La ruputura del TDA es posterior a las pruebas y no tiene nada que ver con la question del problema aunque no lo comenté de esta manera


----------



## juanchooo

Dany Electromicopa dijo:


> hola amigos acá les dejo el diseño del modo bridge que yo lo hice y me funcionó muy bien, lo hice bastante reducido para que ocupe el menor espacio posible. lo he probado con un parlante de 2ohm y 10w y lo mueve bastante bien. solo que no le puedes dar todo el volumen por que distorsiona, pero esto se puede arreglar aumentando el valor de la resistencia que esta ubicada en su entrada de señal positiva.



Los mueve bastante bien a los 10w ...pero para cuantos watts esta diseñado el circuito realmente??:.... gracias...!


----------



## juanchooo

eltonyjefe dijo:


> de acuerdo al datasheet me pueden verificar mis conexiones? jeje
> 
> creo que el color de los cables va invertido



Se pueden reemplazar las resistencia de 4,7 ohms por otras ... ???


----------



## silvia espinel

HOLA tengo un enorme problema con este amplificador siempre me quema el ic ya lo e cambiado dos veces sera que alguien me podría a ayudar


----------



## silvia espinel

le coloco un adaptador de 12v pero lo medi y mide como 17 sera este el problema


----------



## abndol

Revisa el voltaje ya que según la hoja de datos, Ese integrado soporta hasta 15V
Saludos!!!


----------



## Neodymio

silvia espinel dijo:


> le coloco un adaptador de 12v pero lo medi y mide como 17 sera este el problema


Como solución rápida y de prueba podes ponerle 3 diodos 1n4007 en serie a la alimentación.


----------



## isaias el k-bro

no se si servira, hace unos dias que estoy renegando con un tda2822m


----------



## jorge morales

dejo a consideracion de Uds. los siguientes esquemas, saludos


----------



## jorge morales

*Adding a Push-Pull Output Stage to a LM386 Audio Amplifier*

by Lewis Loflin​The above amplifier takes the classical and inexpensive LM386 audio amplifier and adds a pull-pull output stage for greater power.

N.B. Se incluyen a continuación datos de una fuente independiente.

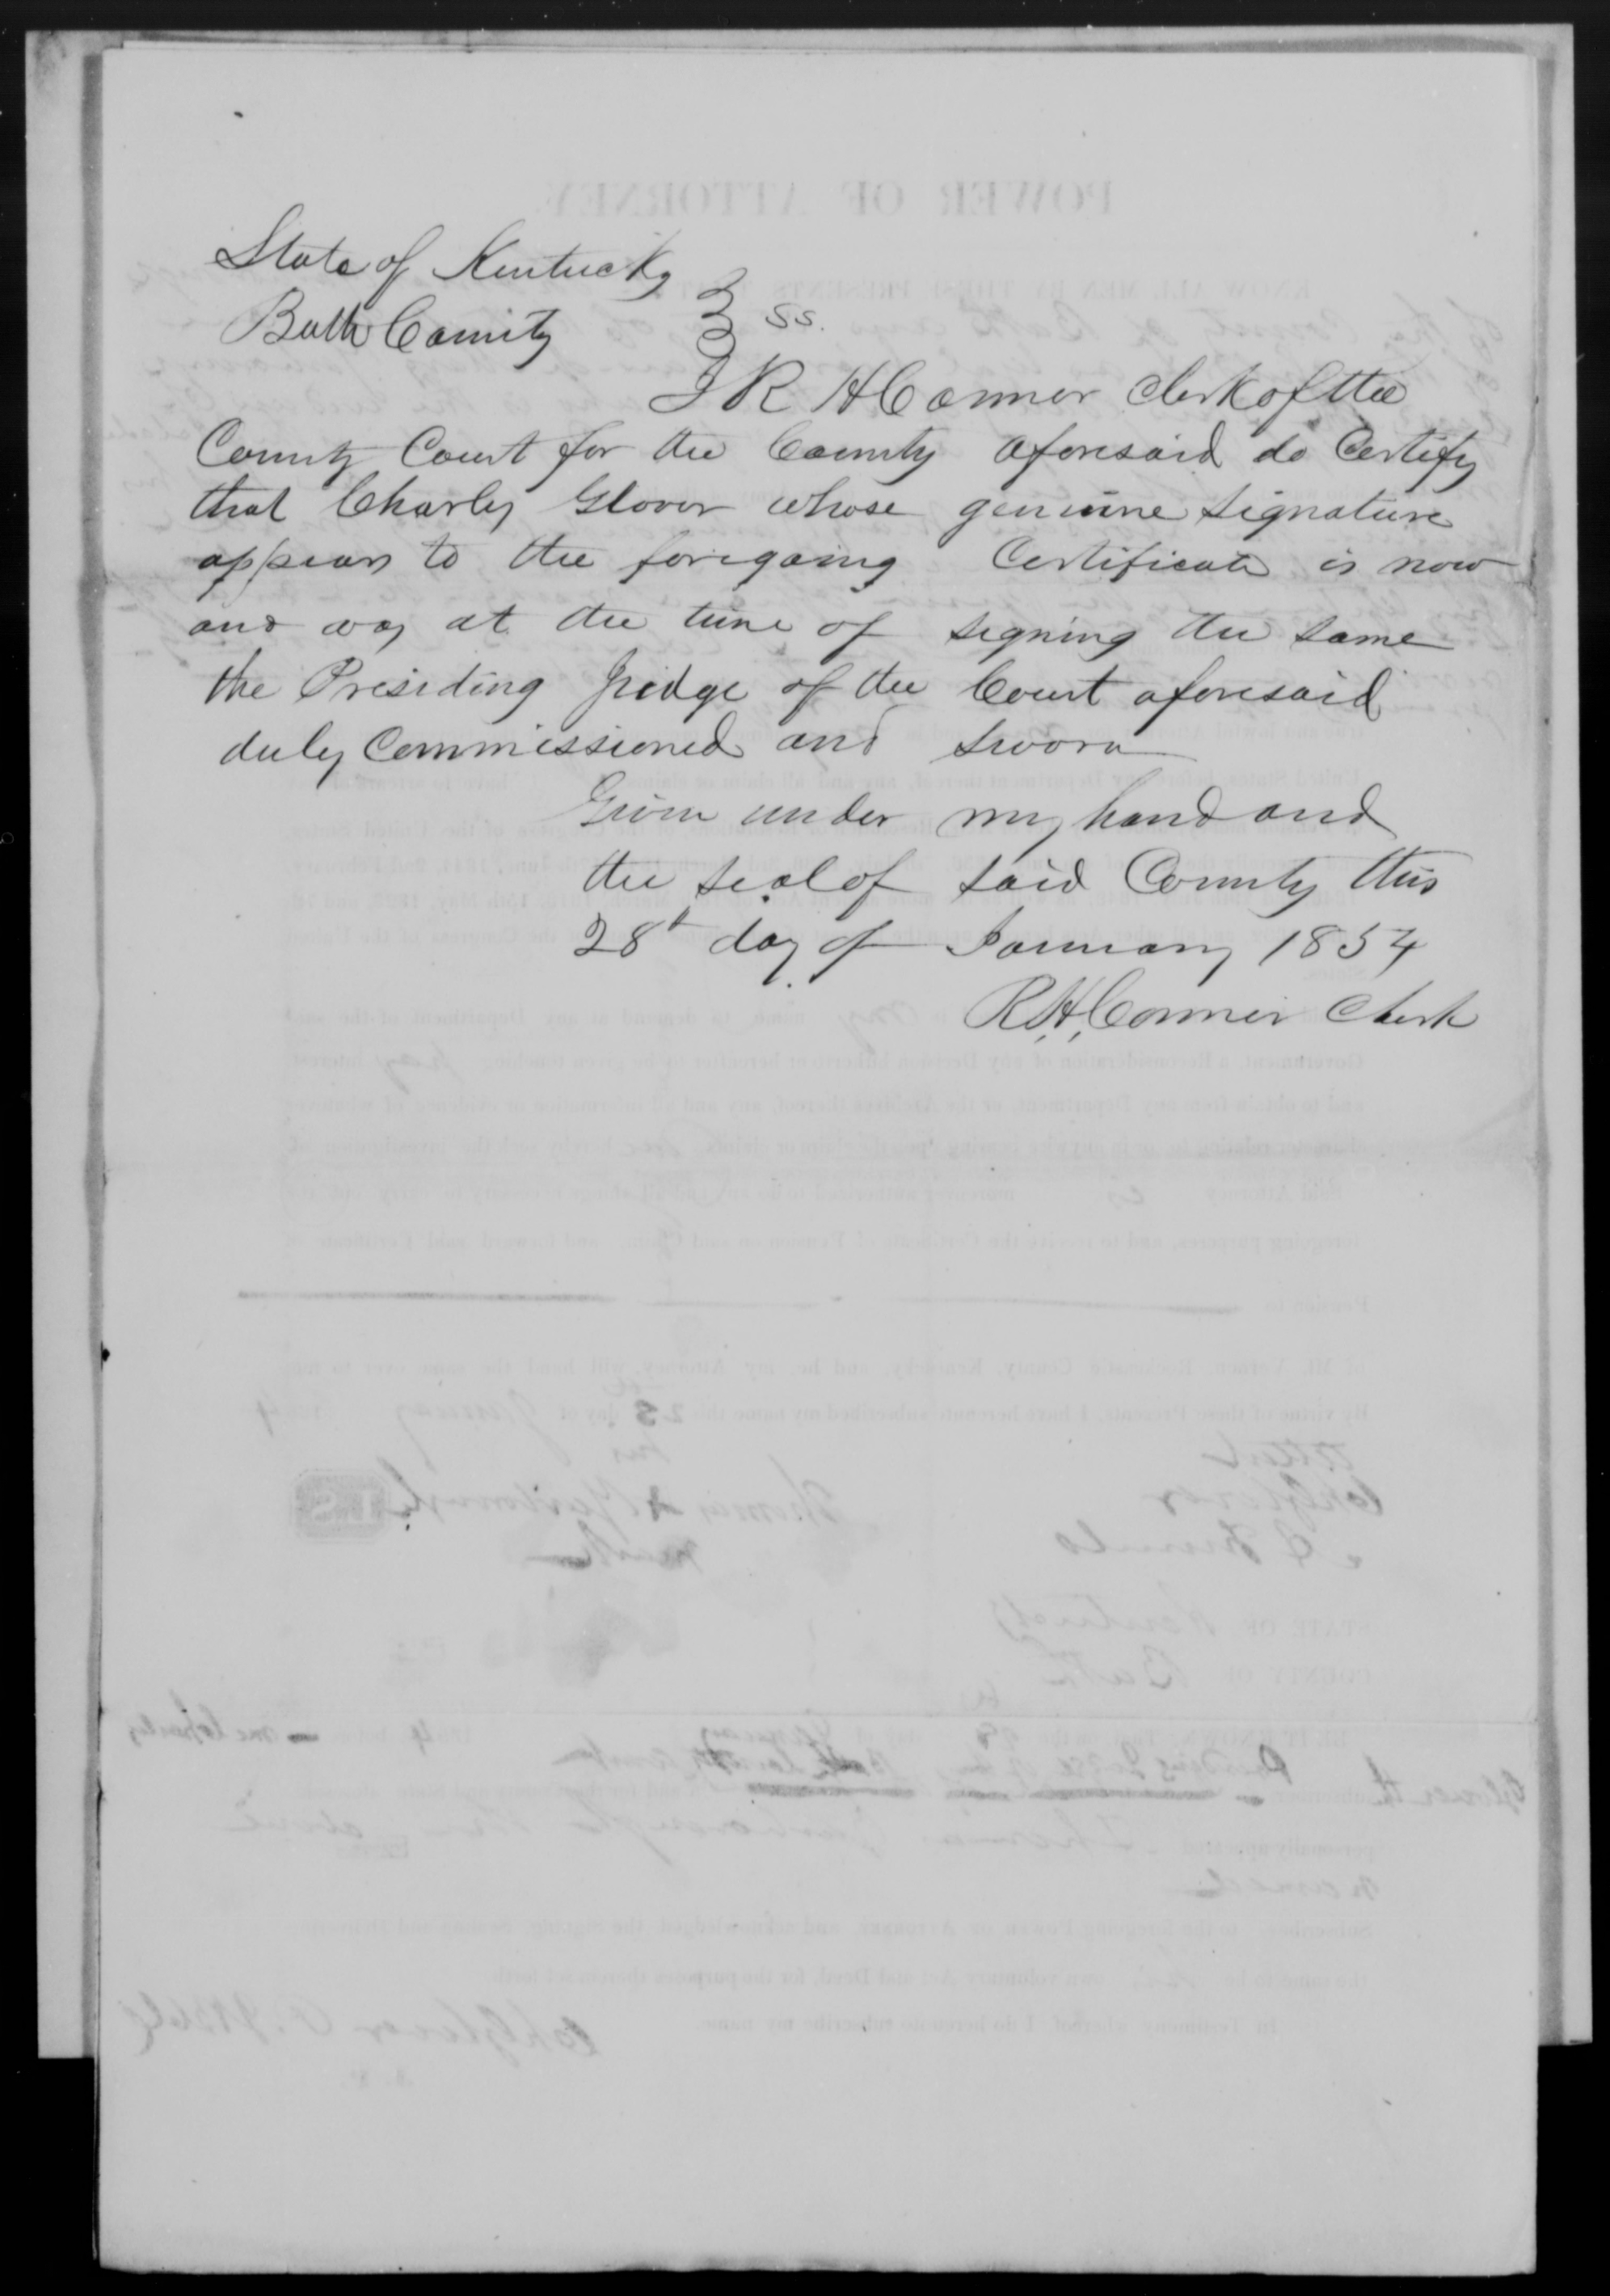 Appointment of John S. Edwards as Thomas Yarborough's Power of Attorney, 28 January 1854, page 2

This amplifier is used in the above video. The output is several watts as opposed to 400 mW. Do not exceed 14-15 volts DC input. 
For Q1 and Q2 use TIP31 and TIP32 or TIP41 and TIP42 or any suitable matched PNP/NPN pair. In my case I used a transistor checker to match the gain on two TO-220 power transistors.
Note this design is also more sensitive than everyday computer speakers. The LM386 is available at Radio Shack. 
To make the LM386 an even more versatile amplifier, two pins (1 and 8) are provided for gain control. With pins 1 and 8 open the 1.35k resistor sets the gain at 20 (26dB). If a capacitor is put from pin 1 to 8, bypassing the 1.35k resistor, the gain will go up to 200 (46dB). One can always put an on/off switch between pin 1 and the capacitor if less gain is needed. My unit is used as a utility amplifier for various radio and computer projects.
If a resistor is placed in series with the capacitor,the gain can be set to any value from 20 to 200. Gain control can also be done by capacitively coupling a resistor from pin 1 to ground.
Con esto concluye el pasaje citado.